(WHAT YOU NEED TO DO): Leave the images out and repeat the data exactly as given.

(DATA SECTION):
-------------------------
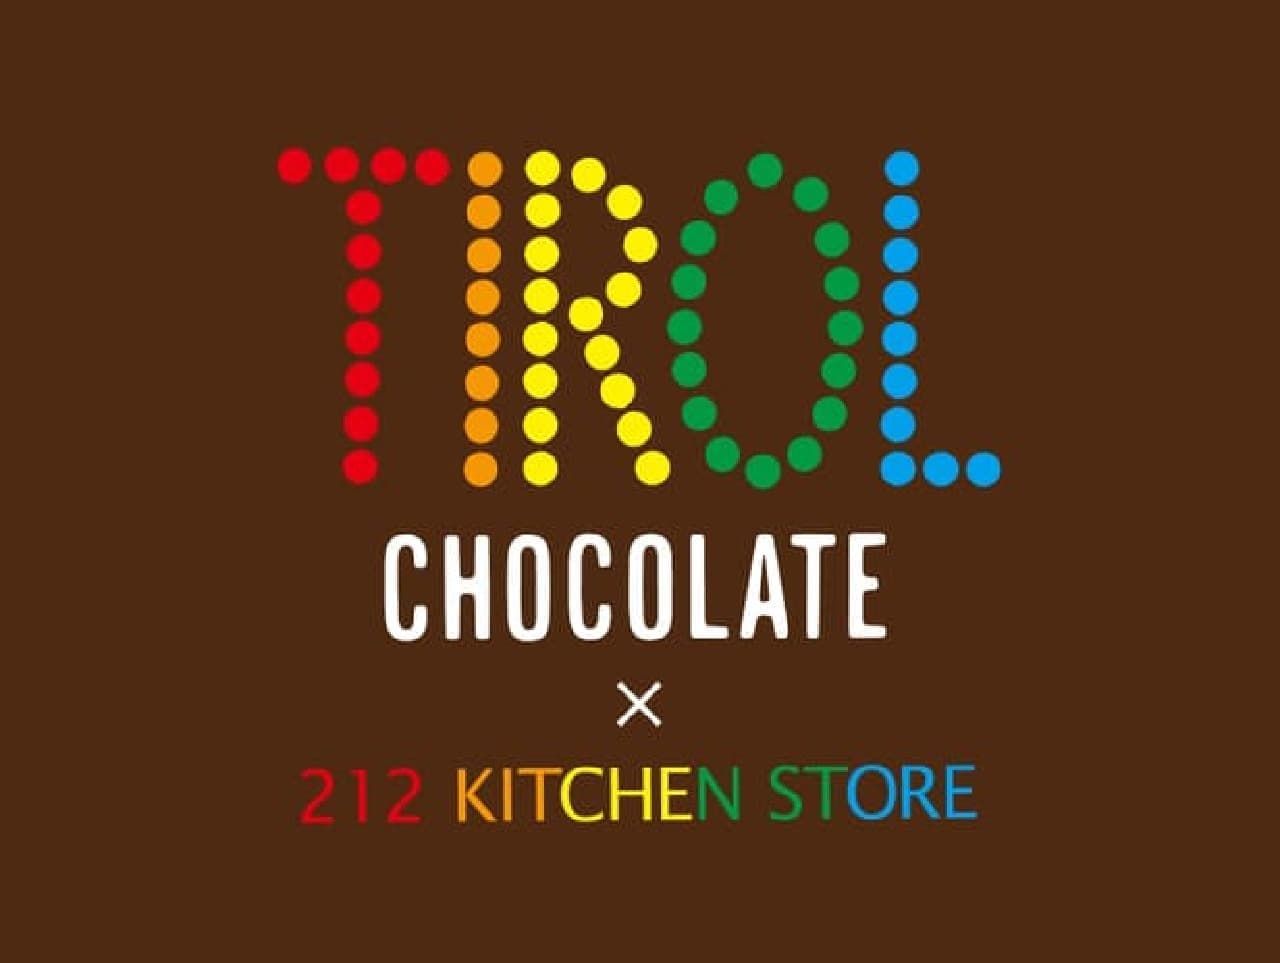 212 Kitchen store x Tyrolean chocolate collaboration --Long-selling "Coffee Nougat" in a mug
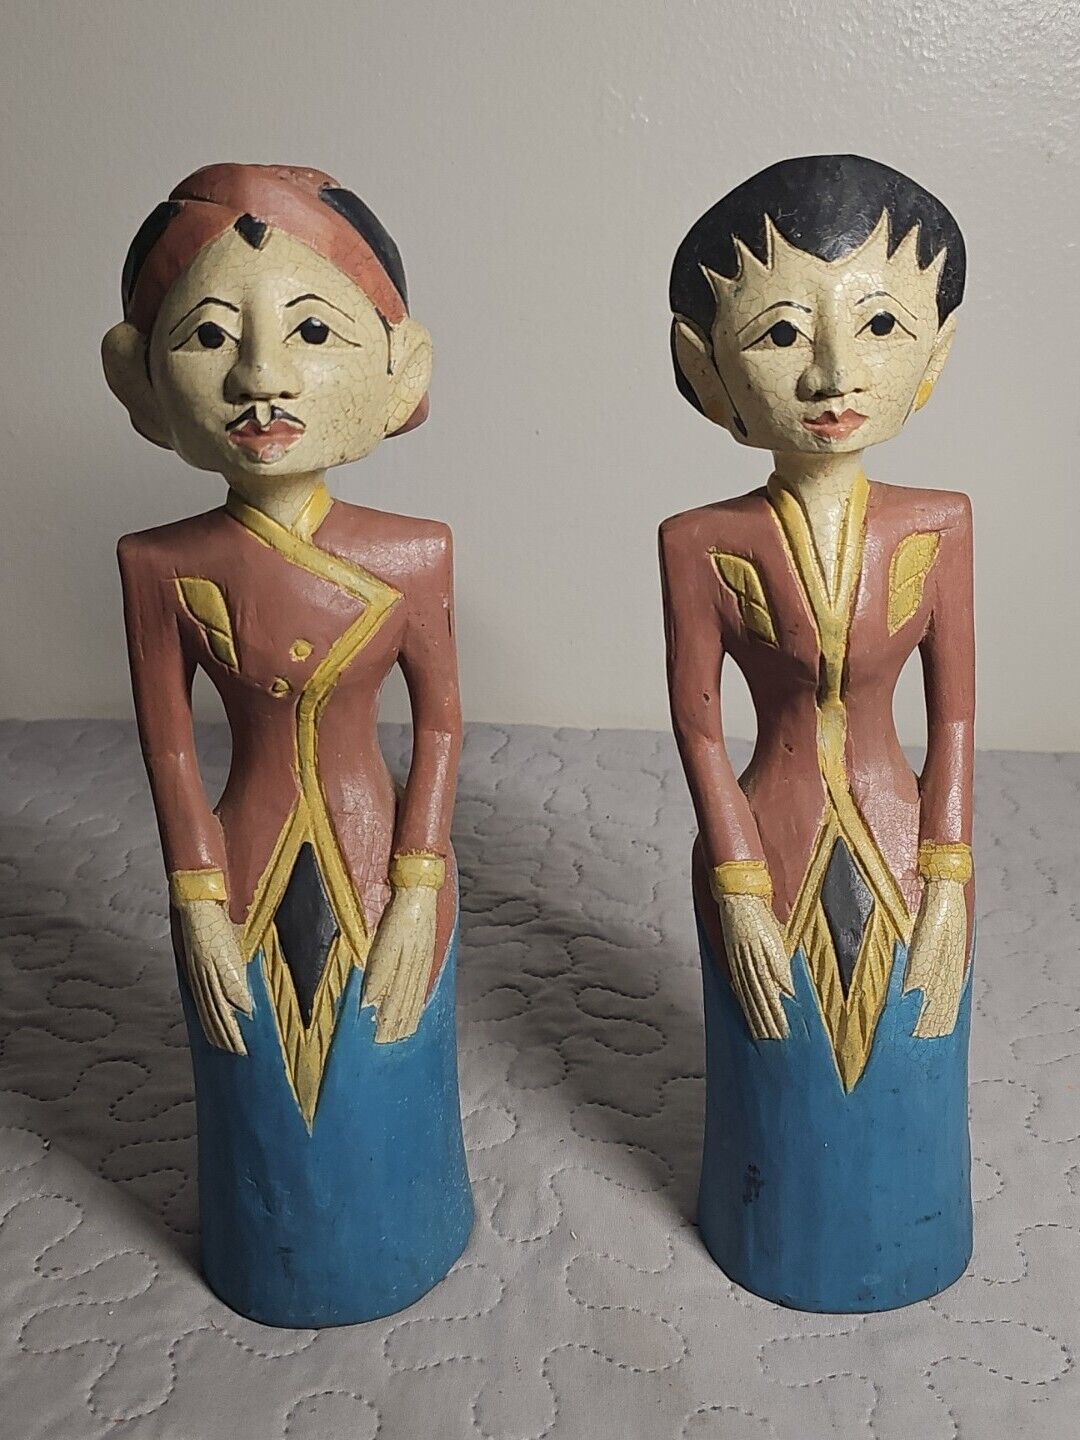 Antique Javanese Loro Blonyo Wooden Carved Wedding Figures 12” Tall
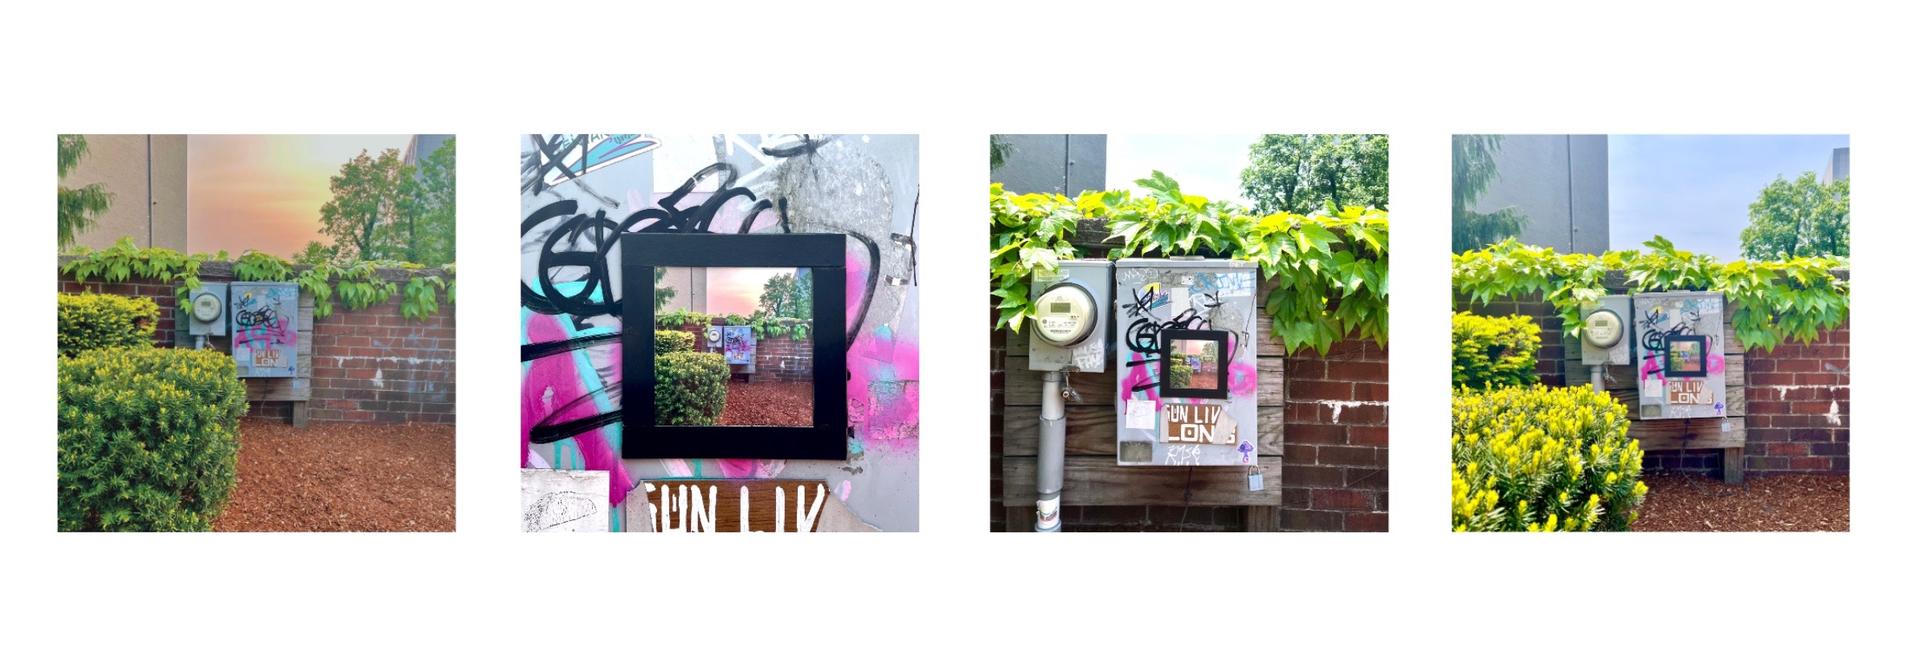 A series of 4 images of a utility box, a photograph of the site has been printed, framed, and hung on the site.
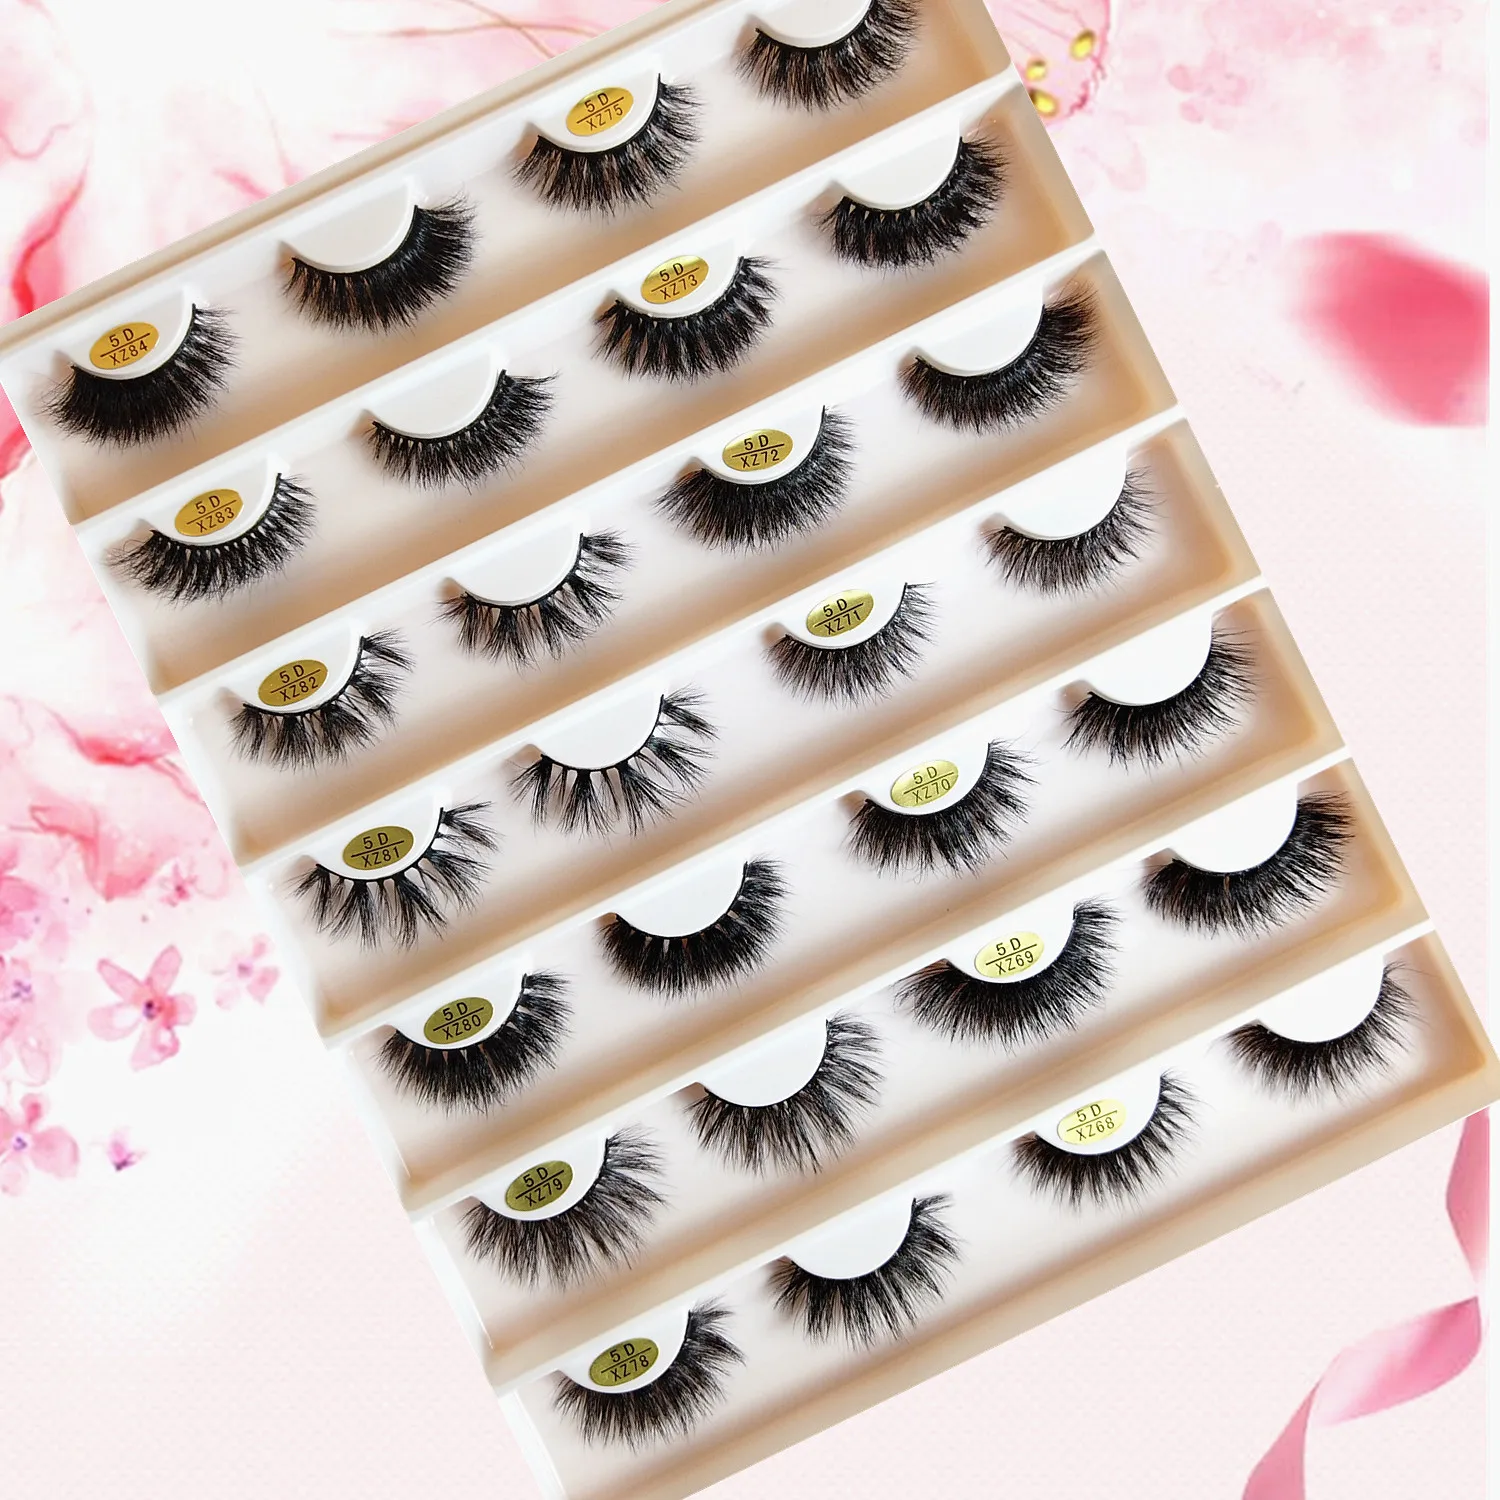 

New arrival false lashes 3d Fluffy Dramatic Mink Eyelash Vendor 5d 12mm 15mm 16mm 17mm 18mm Mink Eyelashes with custom Packaging, Black color
-------------------------
(WRITTEN RESPONSE):
 212 Kitchen store x Tyrolean chocolate collaboration --Long-selling "Coffee Nougat" in a mug
 Antique Javanese Loro Blonyo Wooden Carved Wedding Figures 12” Tall
 A series of 4 images of a utility box, a photograph of the site has been printed, framed, and hung on the site.

New arrival false lashes 3d Fluffy Dramatic Mink Eyelash Vendor 5d 12mm 15mm 16mm 17mm 18mm Mink Eyelashes with custom Packaging, Black color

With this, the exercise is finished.